▶ [TASK REQUIREMENTS]
Copy exactly the stretch of lines from the one holding "Rand McNally Popular" through the last line of the data below, inclusive. Leave out pictures.

▶ [INFORMATION SUPPLIED]

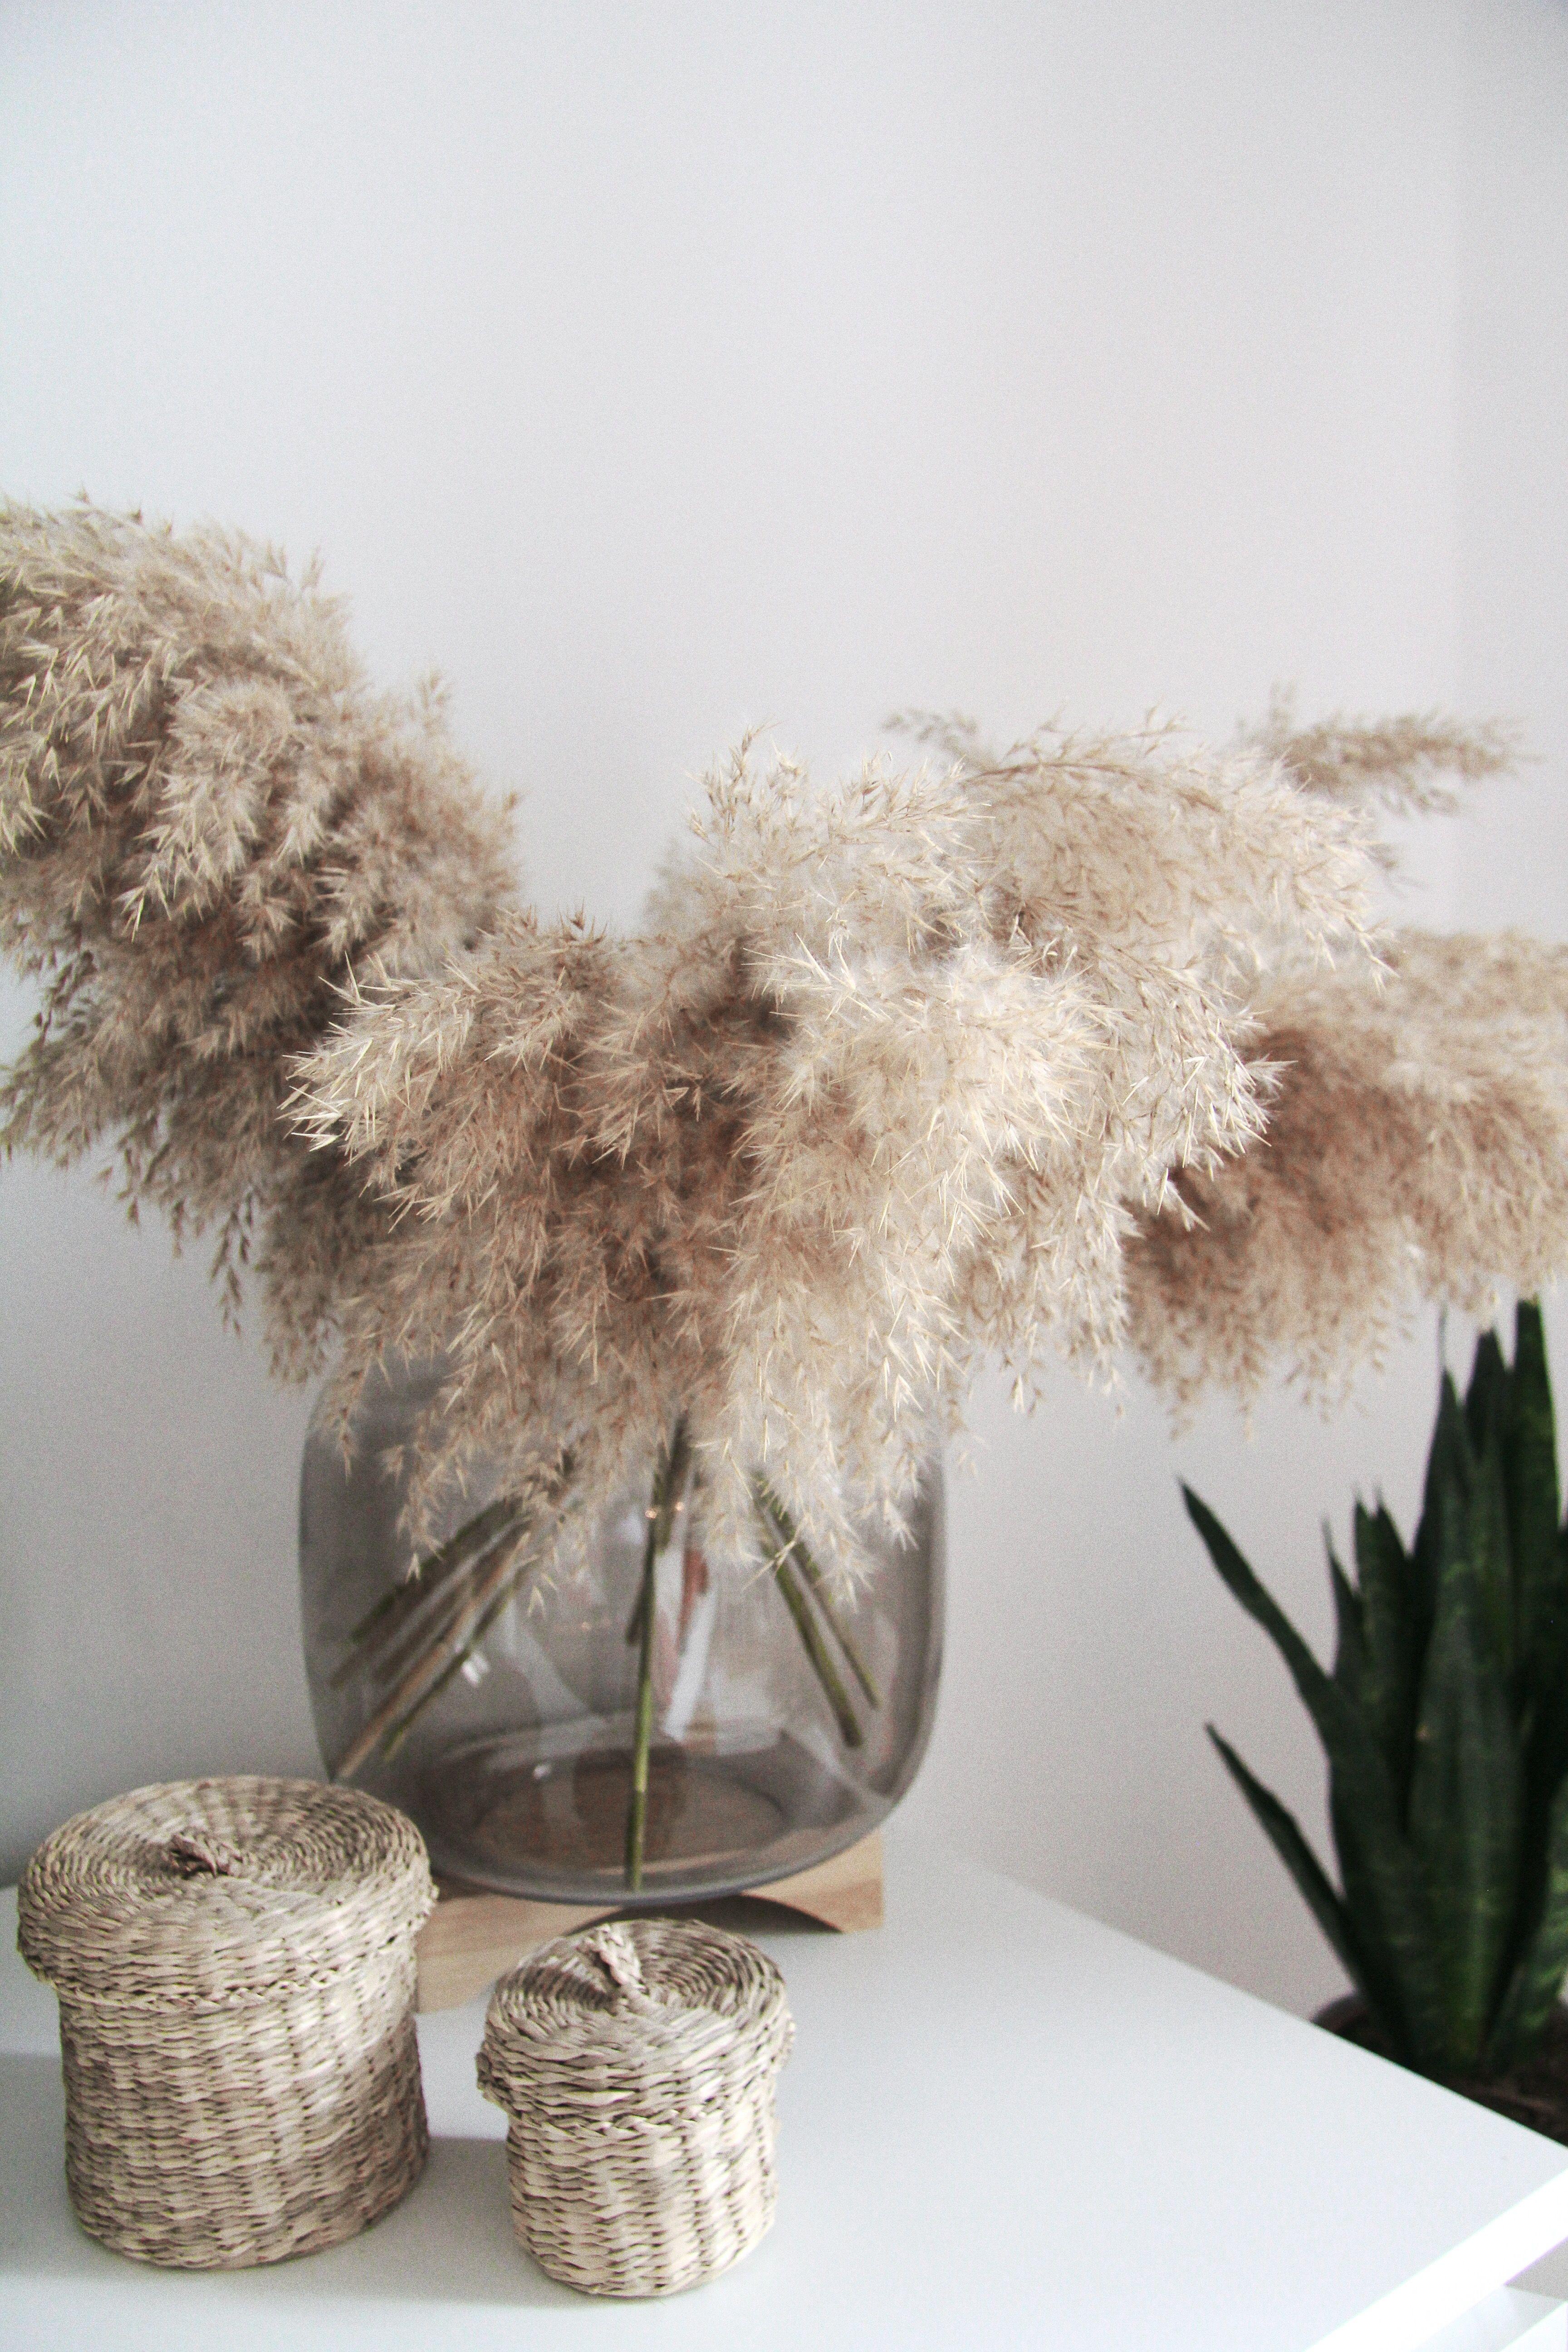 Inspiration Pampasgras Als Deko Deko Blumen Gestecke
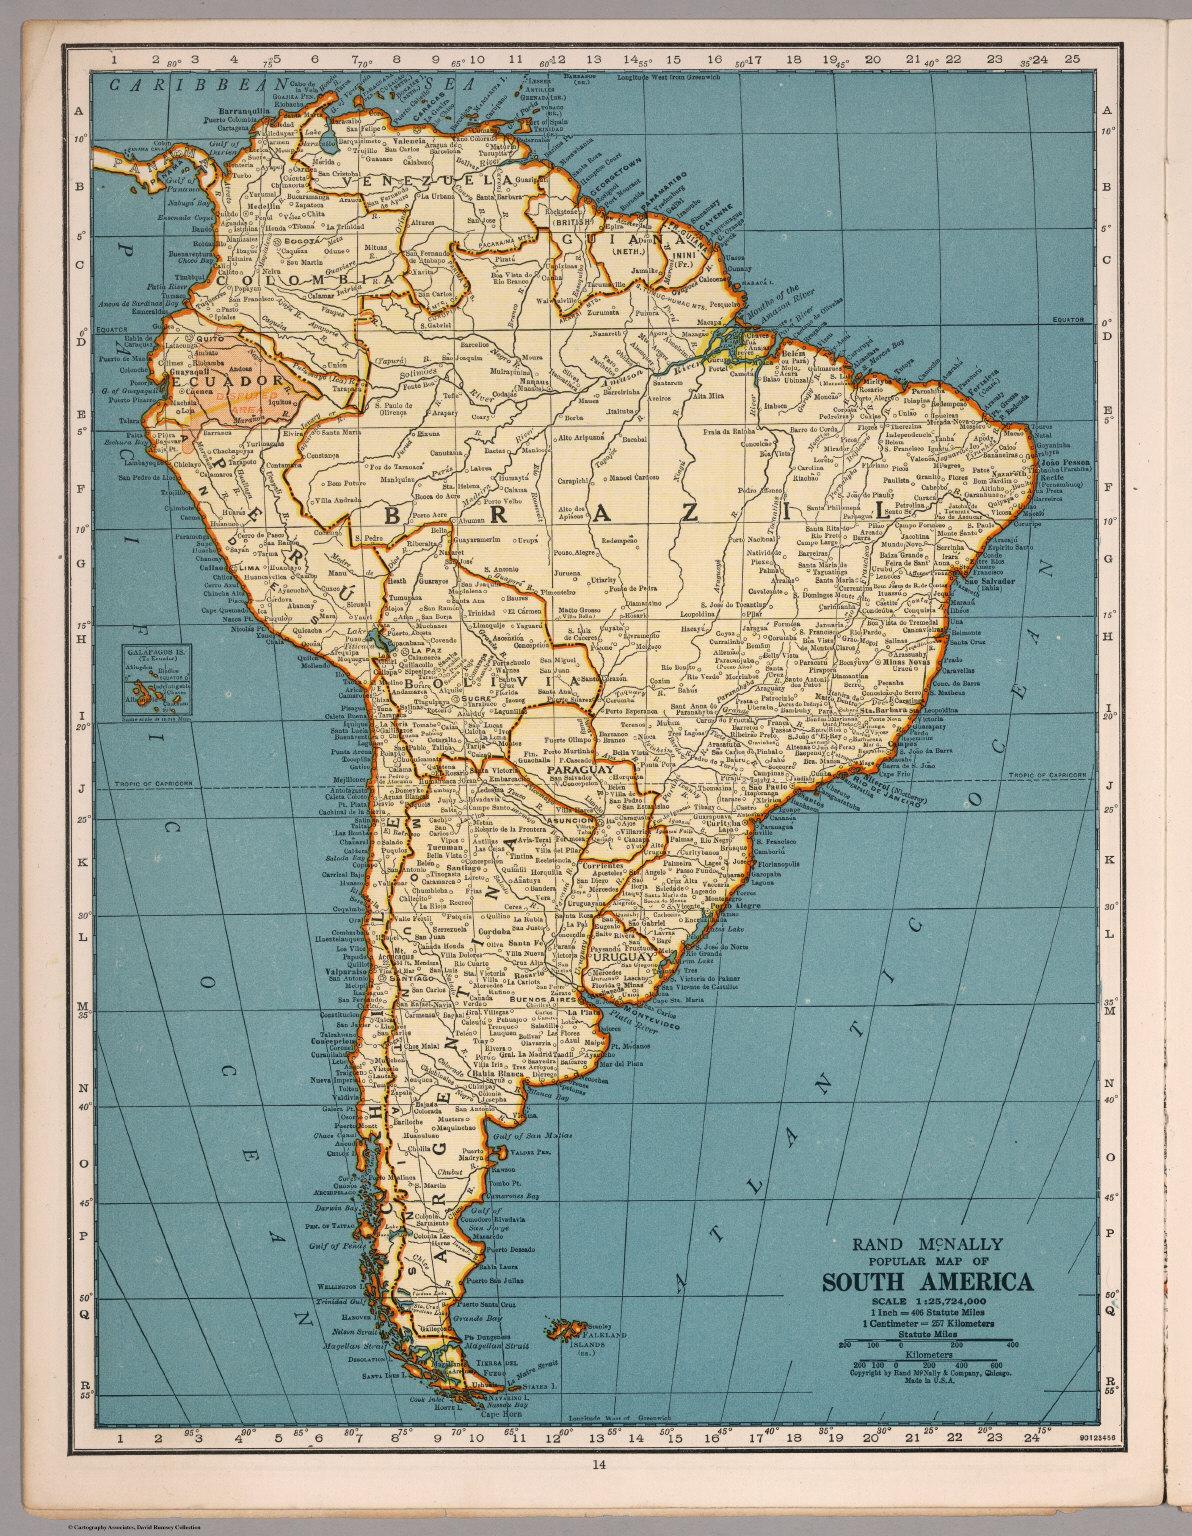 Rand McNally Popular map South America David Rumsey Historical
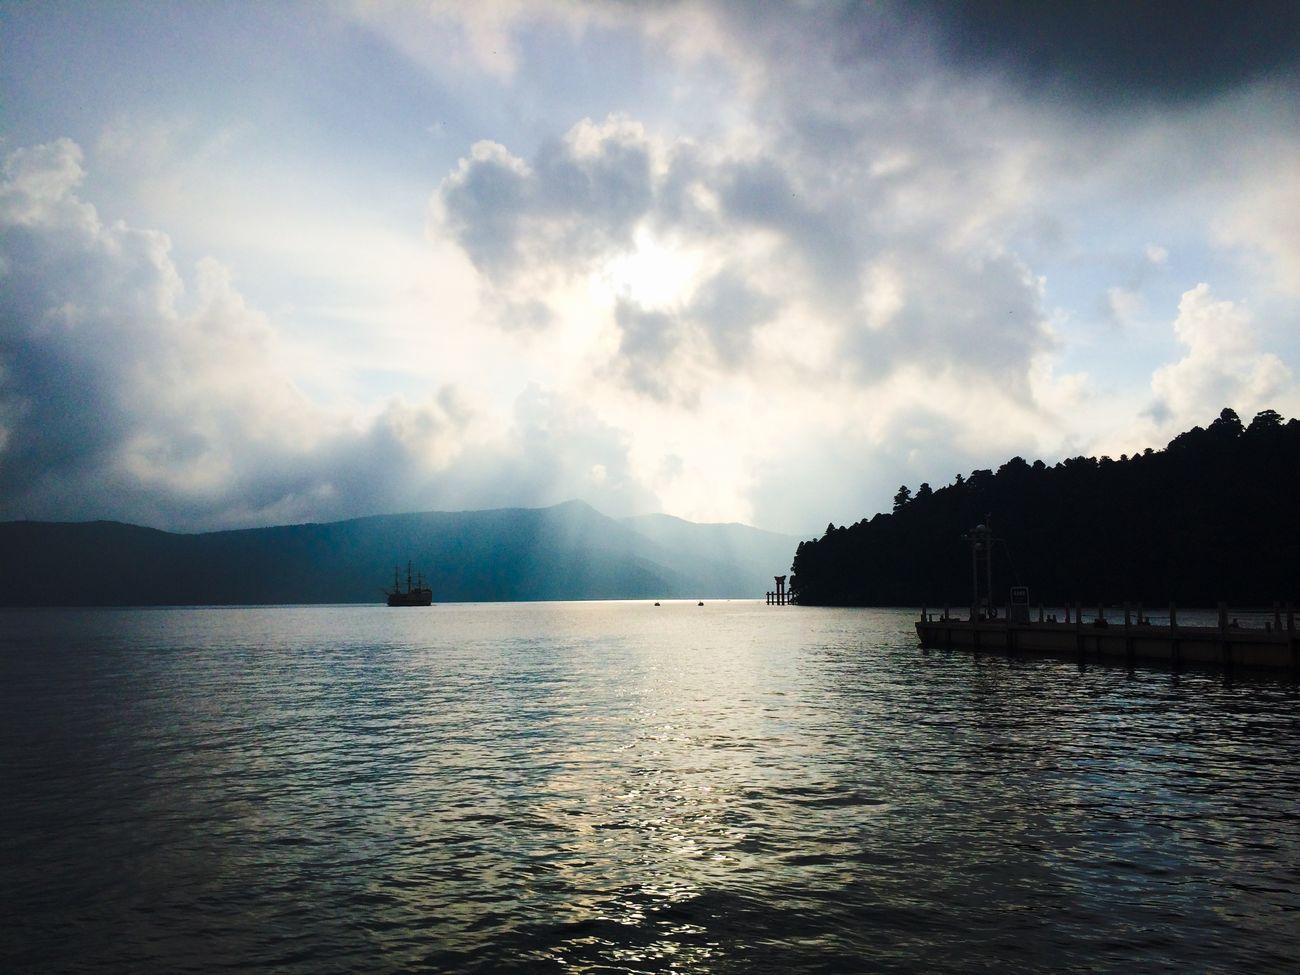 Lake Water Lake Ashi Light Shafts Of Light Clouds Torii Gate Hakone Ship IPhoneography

▶ [YOUR SOLUTION]
 Rand McNally Popular map South America David Rumsey Historical
 Lake Water Lake Ashi Light Shafts Of Light Clouds Torii Gate Hakone Ship IPhoneography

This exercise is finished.